Genus Carcharhinus Blainville, 1816
Type.—Carcharias melanopterus Quoy and Gaimard, 1824 (Cappetta, 2012)
Carcharhinus falciformis (Bibron, 1841 in Müller and Henle, 1839–1841) Figure 6.1–6.4
Holotype.—Originally described as Carcharias (Prionodon) falciformis by Bibron (1841 in Müller and Henle, 1839–1841, p. 47). The holotype, MNHN 1134, a 528mm female fetus from Cuba, resides in the Museum National d’Histoire Naturelle, Paris, France (Garrick et al., 1964; Compagno, 1984).

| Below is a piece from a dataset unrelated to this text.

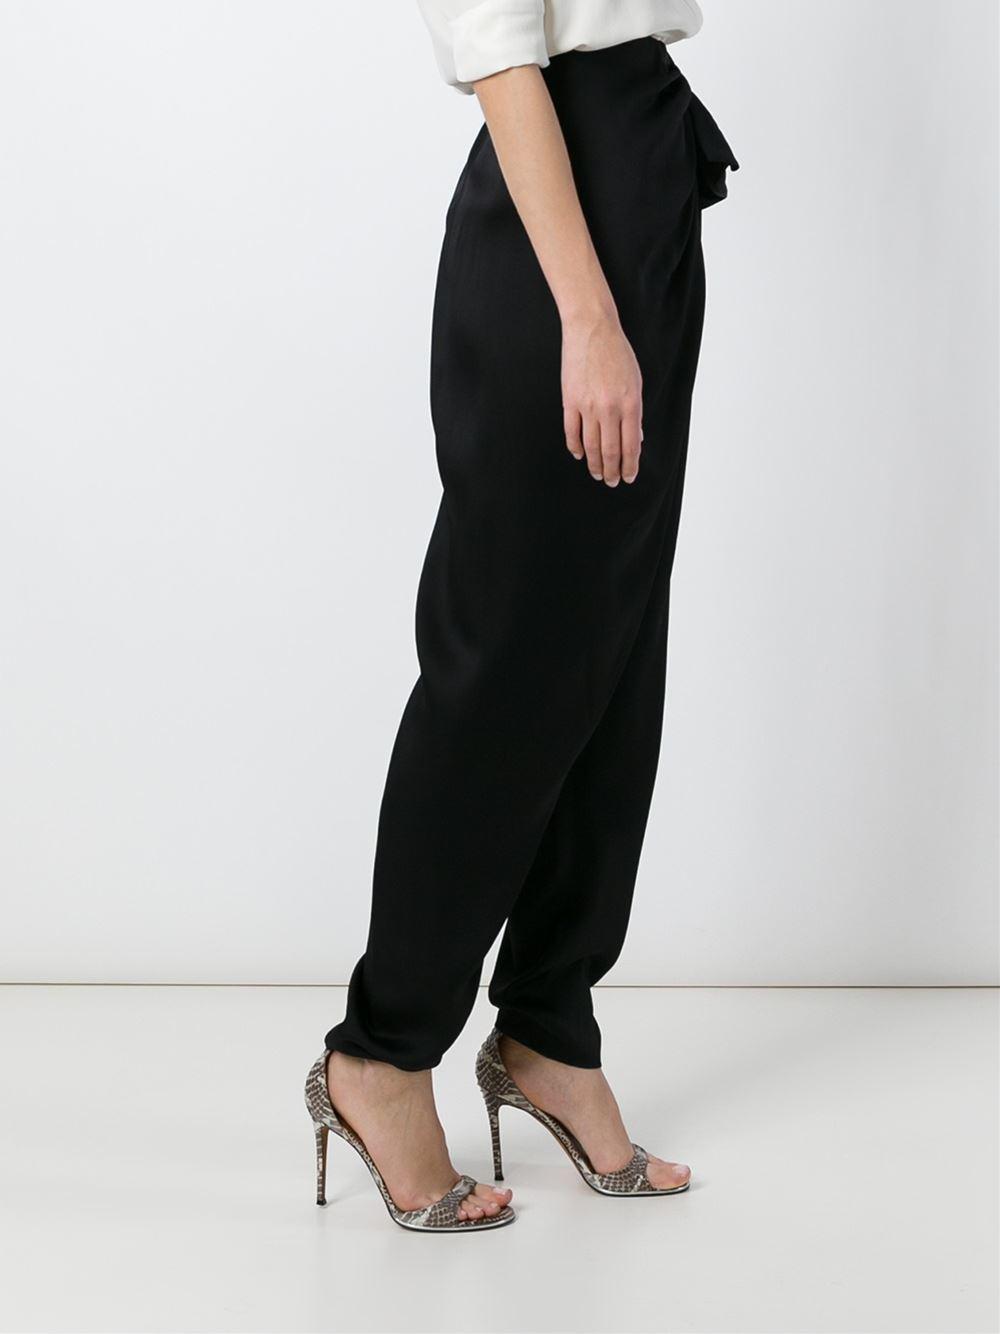 Lyst - Lanvin Tapered Draped Pants in Black

Occurrence.—STRI 290109 and STRI 300032.
Description.—Small, triangular teeth; relatively narrow crown, straight mesial edge, concave or angular distal edge, notch on mesial and distal edges marks a transition from coarser basal serrations to finer apical serrations. Thin root with a nutrient groove and a flat or obtusely concave basal margin. Features distinguishing C. falciformis from other Carcharhinus species are its small size, narrow crown with a notch on both cutting edges, and a relatively flat basal root margin. Carcharhinus falciformis from the Chucunaque Formation range from CH = 5.5–6.1mm and CW = 6.5–11.7mm.
Materials.—Four isolated teeth; upper lateral: UF 281160, UF 281161, and UF 281162.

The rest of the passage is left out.